Bandler insiste sur l’importance de reconnaître les véritables innovations qui ont émergé de cette collaboration :

Le méta-modèle du langage, inspiré des travaux de Noam Chomsky, permet d’explorer et d’élargir la carte mentale que chaque personne construit du monde. C’est un outil puissant pour nettoyer ou étendre les représentations limitantes au-delà de leur territoire habituel.

Le « four-tuple », une syntaxe et un calcul de l’apprentissage qui permet de capturer les compétences d’une personne et de les transférer à une autre. Cette innovation fondamentale transforme la thérapie en science de l’apprentissage accéléré.

La découverte qui a tout changé

Parmi les moments décisifs, Bandler évoque la lecture du livre de Moshe Feldenkrais. Cette lecture les a conduits à explorer le conditionnement stimulus-réponse et à développer le concept d’ancrage : l’idée qu’un état émotionnel peut être rappelé instantanément par un stimulus précis, comme un toucher.

« Nous nous sommes regardés, John et moi, avec une expression de surprise totale. Cela ouvrait la porte à des possibilités infinies », se souvient Bandler.

Plus révolutionnaire encore fut la découverte des mouvements oculaires comme indicateurs des processus de pensée. Comment est-il possible que personne n’ait remarqué ces patterns depuis la nuit des temps ? Pourtant, lorsqu’ils ont demandé à des gens de visualiser les yeux de leur mère, d’entendre une mélodie ou de ressentir une sensation physique, les mouvements oculaires suivaient des schémas prévisibles et reproductibles.

Apprentissage plutôt que réparation : une révolution conceptuelle

La grande rupture de la PNL avec la psychothérapie traditionnelle réside dans son paradigme fondamental. Bandler critique vivement l’approche freudienne qui domine encore aujourd’hui : investiguer le passé, comprendre ce qui s’est mal passé, et espérer qu’un « aha! » miraculeux règlera tout.

« Une grande idée, essayée pendant cent ans. Ça ne marche tout simplement pas », affirme-t-il sans détour.

À la place, la PNL propose une vision radicalement différente : si le cerveau peut apprendre des comportements dysfonctionnels, il peut tout aussi rapidement apprendre des comportements fonctionnels. Quelqu’un qui développe une phobie en tombant dans une rivière à cinq ans a appris cette peur en quelques minutes. Pourquoi faudrait-il des années pour la désapprendre ?

Des résultats qui défient les conventions

L’un des moments les plus marquants de la carrière de Bandler s’est déroulé lors d’une grande convention de psychanalyse à l’Institut Albert Einstein. Après qu’un psychanalyste et Carl Whitaker eurent chacun vu un client, Bandler a travaillé avec une personne souffrant d’une phobie des pigeons si intense qu’elle devait entrer par la porte arrière pour éviter les milliers de pigeons dehors.

Vingt minutes plus tard, cette personne chassait les pigeons.

Une psychanalyste, absorbée par ses notes, a levé les yeux pour dire : « Désolée, j’étais en train d’organiser mes notes. Qu’est-ce qui s’est passé ? » L’idée qu’une personne puisse changer en vingt minutes était tout simplement inconcevable pour elle.

Pour Bandler, c’est même plus facile de changer rapidement. « Si vous regardiez une image d’un film toutes les heures, vous n’auriez aucune idée de ce qui s’est passé. Mais quand vous les reliez toutes et les faites défiler, vous savez exactement ce qui s’est passé. Nous apprenons en créant des patterns d’expérience. »

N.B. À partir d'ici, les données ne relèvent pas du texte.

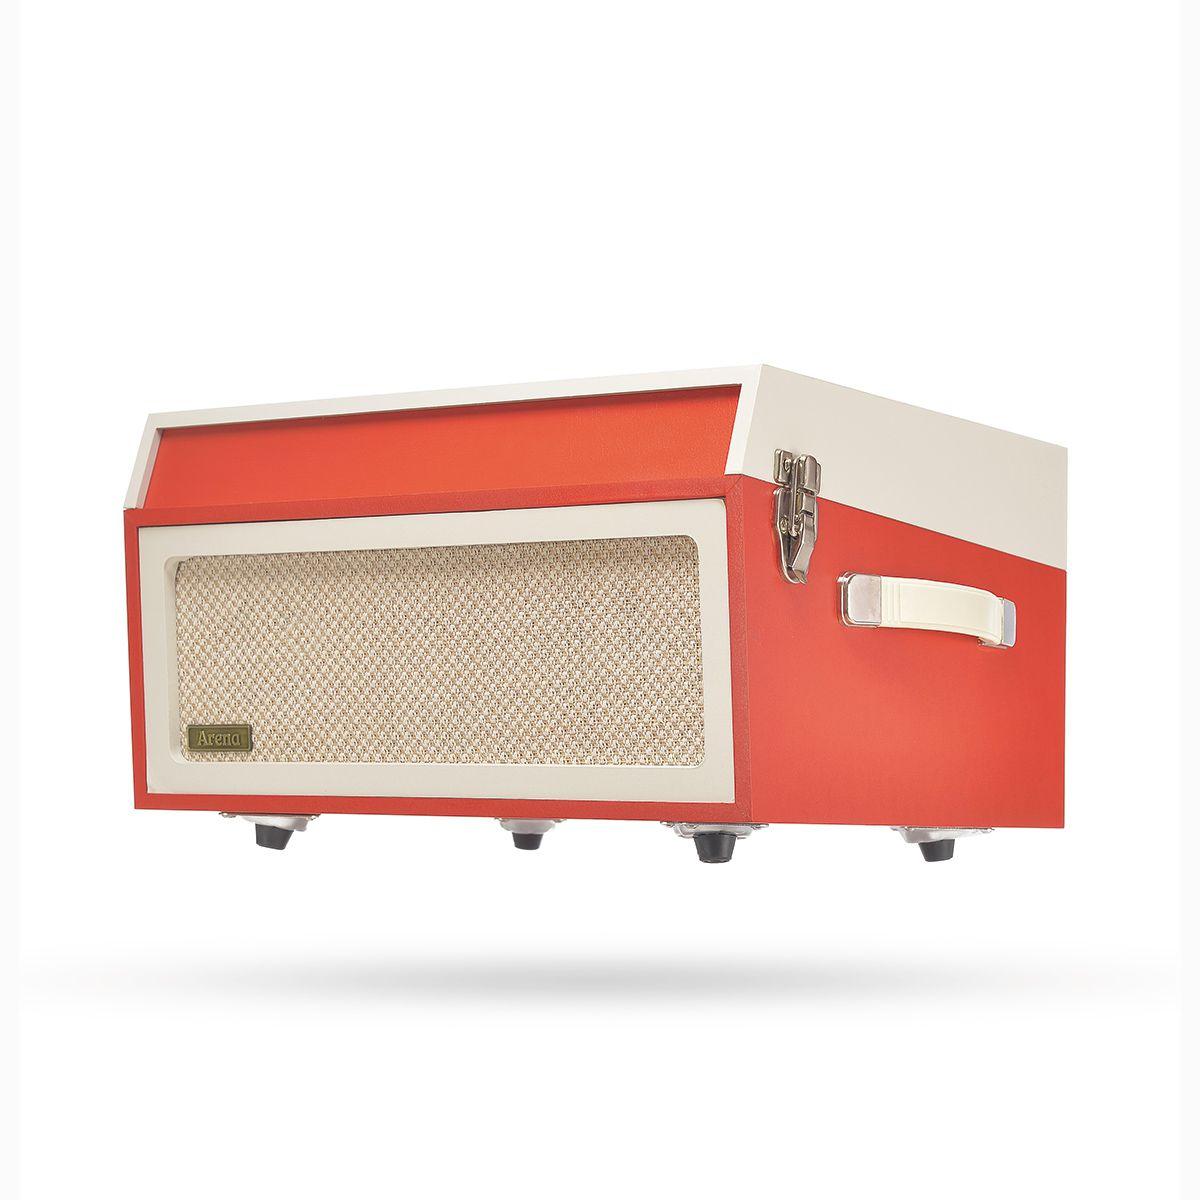 Vitrola Raveo Arena na cor Red e creme com Selo Anatel Toca-Discos, FM, BT E USB

La persévérance comme philosophie

Bandler attribue une grande partie de son succès à une qualité qu’il a apprise de Virginia Satir : la persévérance absolue. Satir pouvait travailler 12 à 15 heures d’affilée jusqu’à ce que les gens soient sur le point de s’effondrer. Elle était simplement déterminée à obtenir un résultat.

« Je suis à peu près pareil. Je n’abandonne tout simplement pas. J’essaie à peu près n’importe quoi. Et si les outils que j’ai ne fonctionnent pas, alors je commence à en créer de nouveaux. »

Cette approche l’a conduit à travailler avec des clients abandonnés par leurs psychiatres, des personnes qu’on lui disait condamnées à rester OCD, dépressives, incapables de changer. Pour Bandler, c’est une grave sous-estimation de la nature fantastique du cerveau.

« Le cerveau contient autant de neurones qu’il y a d’étoiles dans le ciel. Et je ne parle pas de celles que vous pouvez voir. Je parle de toutes les étoiles. Point. » Cette plasticité infinie signifie que changer sa façon de penser peut changer ce que l’on ressent et donc ce que l’on est capable de faire.

Un héritage vivant et en expansion

Cinquante ans après ses débuts, que devient la PNL ? Pour Bandler, son héritage ne réside pas dans une théorie figée, mais dans les milliers de personnes qu’il a formées à maîtriser ces compétences avec précision.

« La PNL n’est pas vivante. Son avenir dépend de nous tous. »

Il voit l’avenir de la PNL dans des domaines variés : l’éducation (où il déplore qu’on enseigne encore la phonétique alors qu’on ne peut même pas épeler « phonétique » phonétiquement), la formation militaire, le renseignement, les ventes, et toute discipline où l’apprentissage accéléré peut faire la différence.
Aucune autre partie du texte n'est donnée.